Belize - hot and humid.
But it's proving difficult to ignore the clamour in my head - after all, here comes real life, rushes the refrain - so I try to engage the voices and think my head clear, rationally.  It's like pulling on a loose thread.  Uh-oh, here we go again. 

Ok, deep breath.  Real life.  Think!  Well, let's pick a definition: a life more ordinary, free from fantasy.  Remember planning this journey?  You didn't buy in to the life of comfort, remember?  'Man cannot discover new oceans unless he has the courage to lose sight of the shore' (Andre Gide).  That sort of thing.

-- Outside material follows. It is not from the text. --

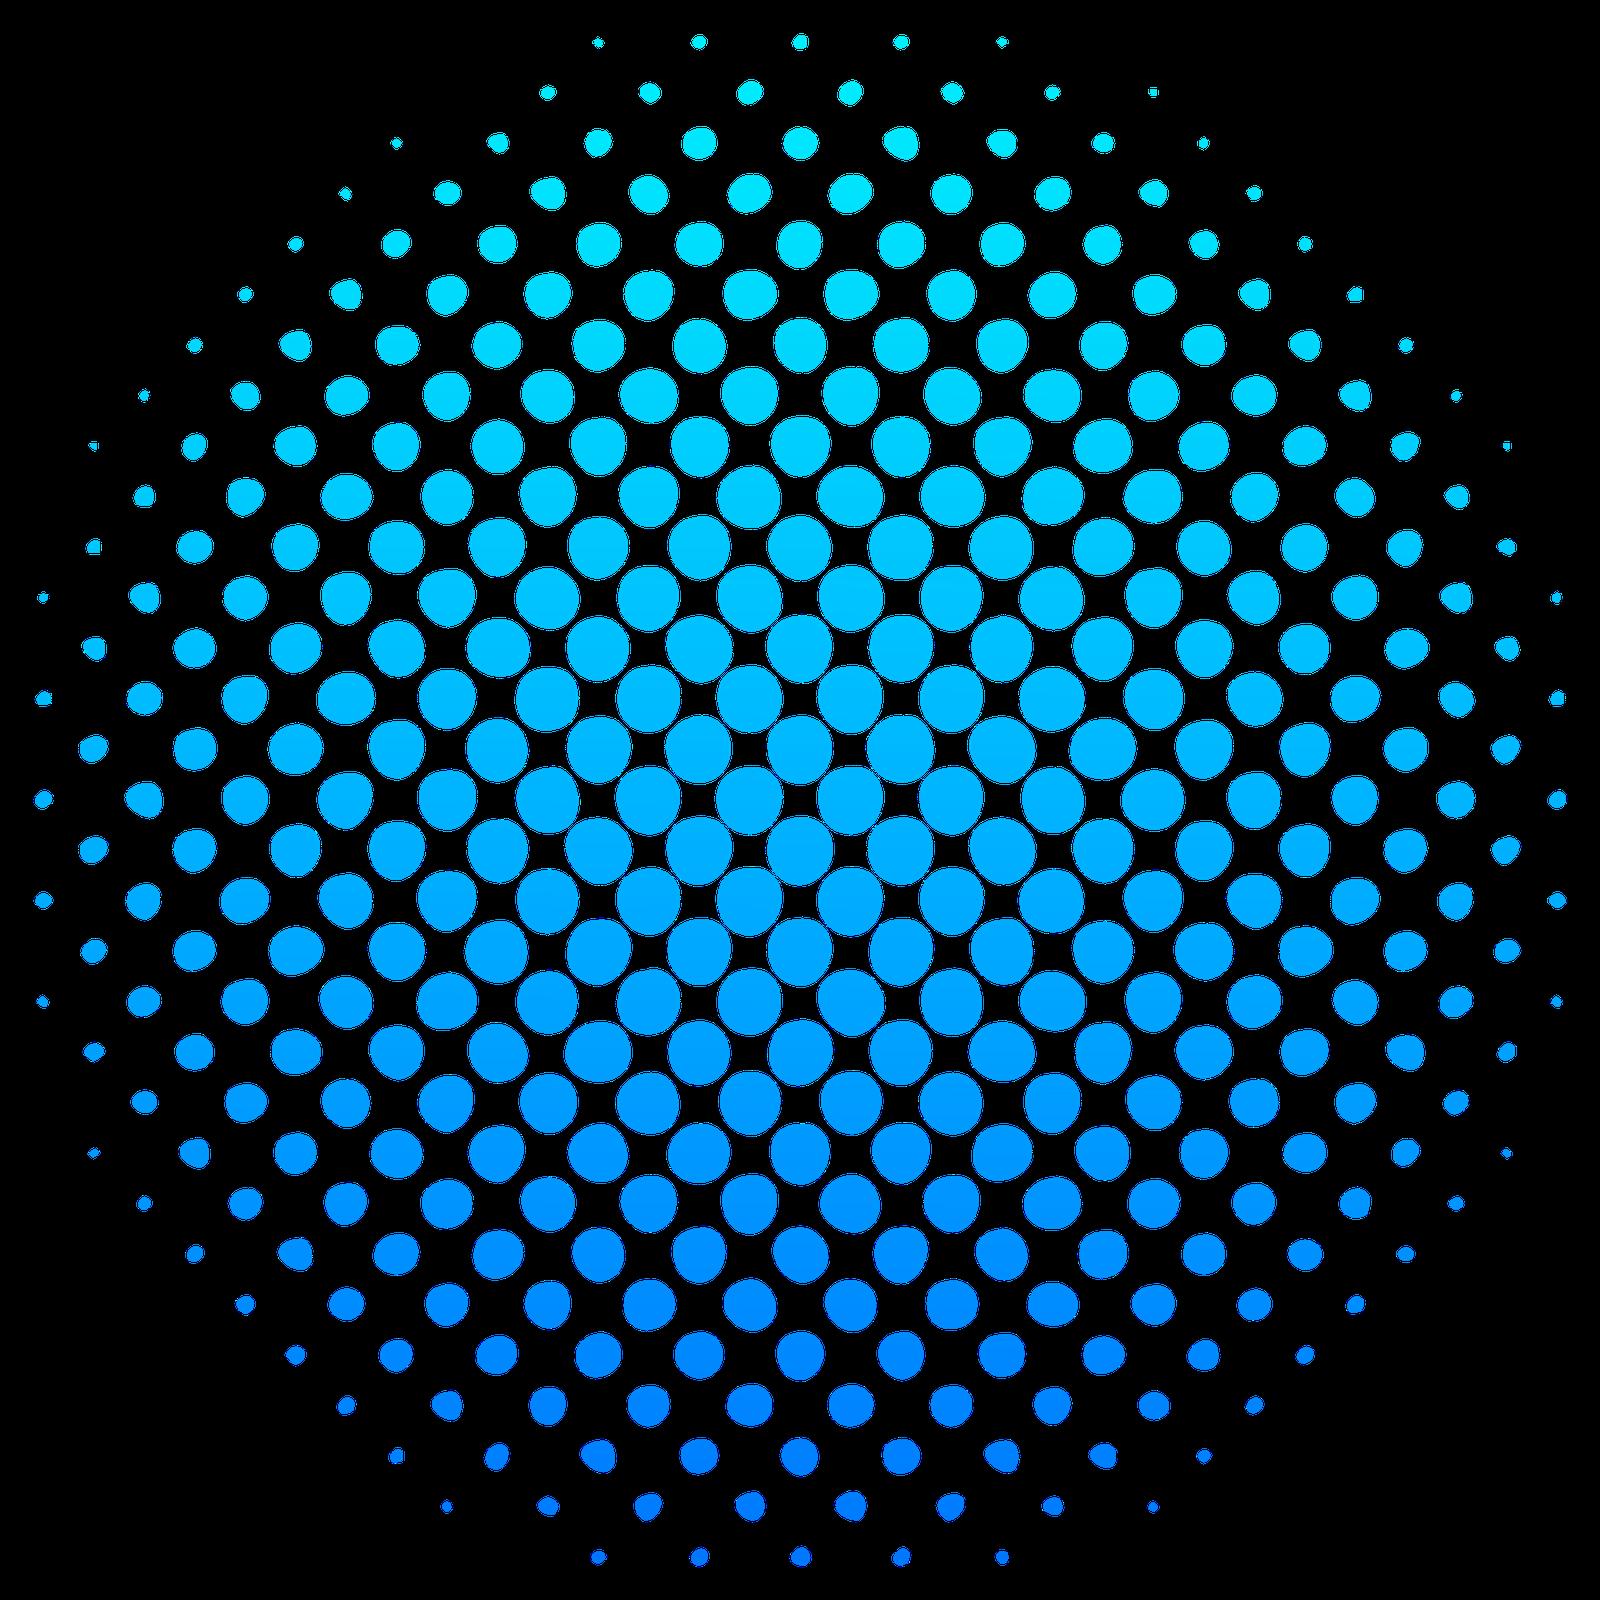 Как сделать полупрозрачный круг
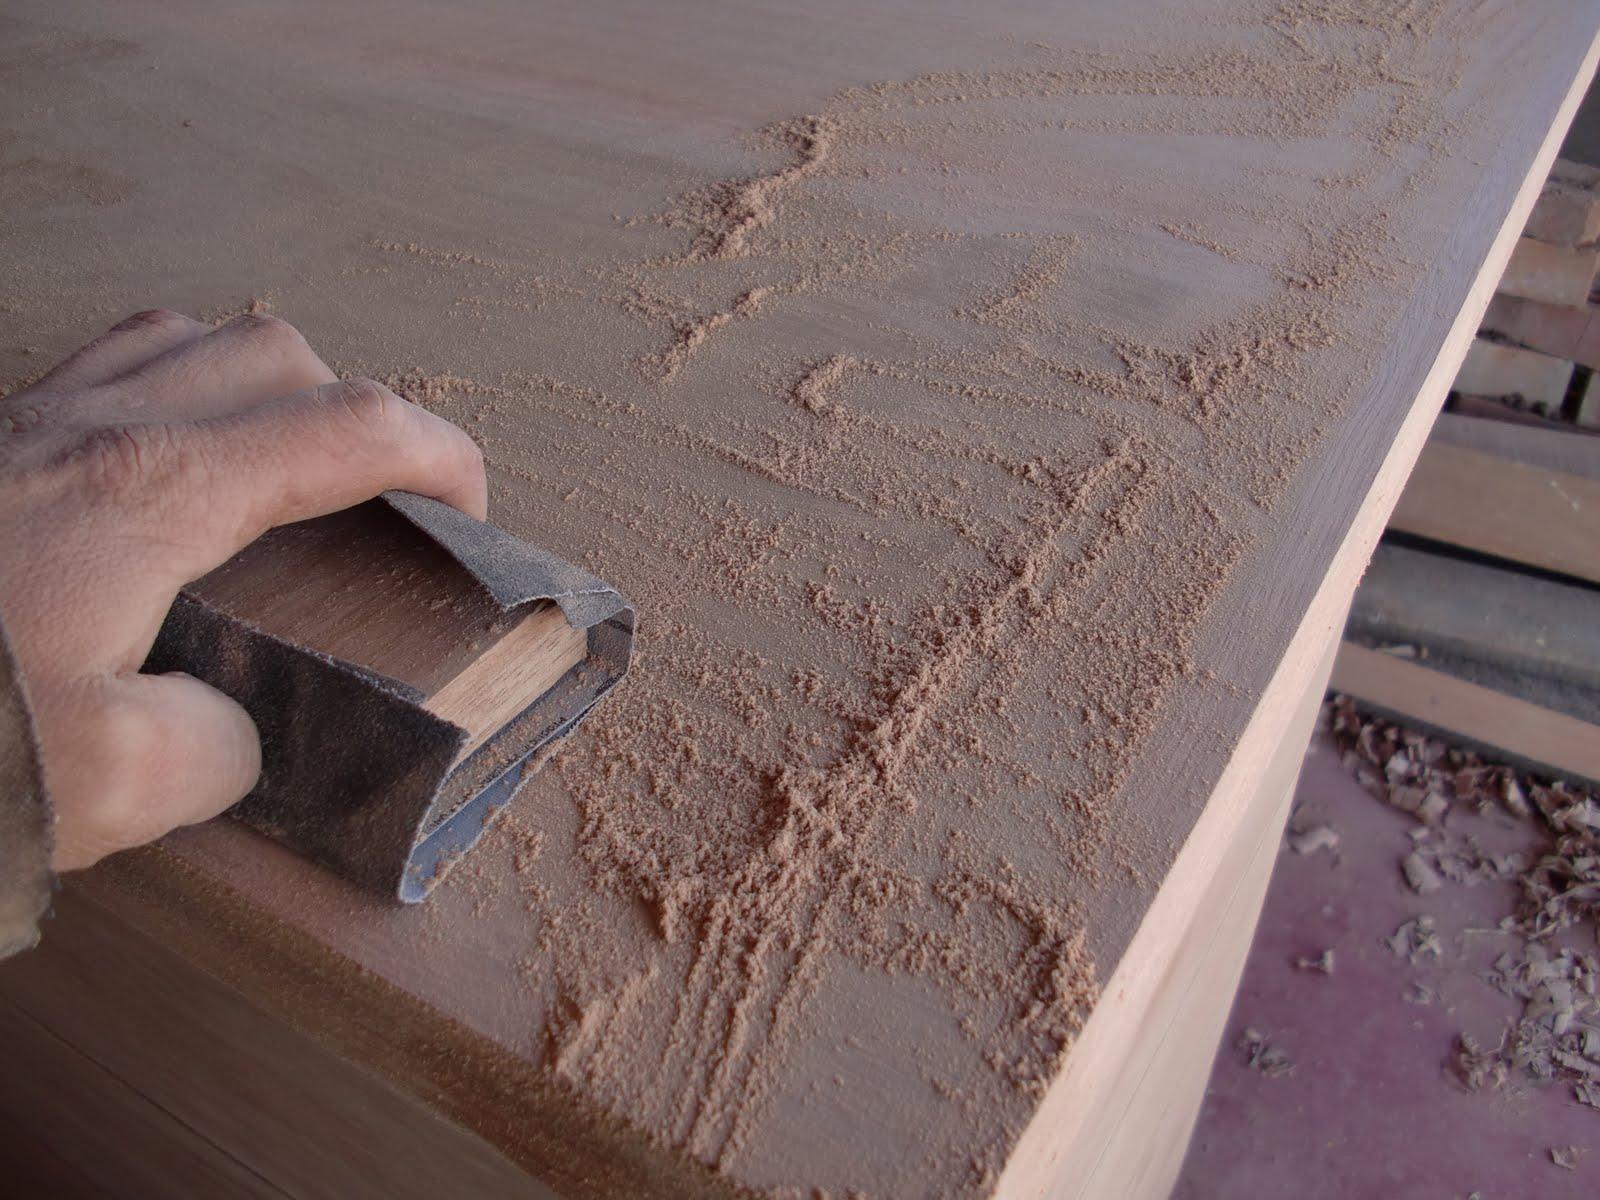 C Mo Pintar Muebles De Madera Blog De Muebles Y Decoraci N # Como Secar Muebles Mojados

It's true: I felt simply building a legal career until I retired was too safe. And saving into a pension, picking a package holiday or an oak dining-table... even nurturing a young family... that life seemed to satisfy so many, but not me.  Not yet.  Would it ever?

Tajikistan
I worked an opportunity to do things differently - to take a chance on adventure, or in the words of Kipling 'make one heap of all your winnings And risk it on one turn of pitch-and-toss'. It might prove foolhardy, I felt, but the gamble would be a rare and special experience.  Real life could wait.


Chile
USA
And now? Three years in planning, almost two in the riding: over 100,000 km, 53 countries and one motorbike.  Do I better understand the lives others choose?  Can I use this understanding wisely?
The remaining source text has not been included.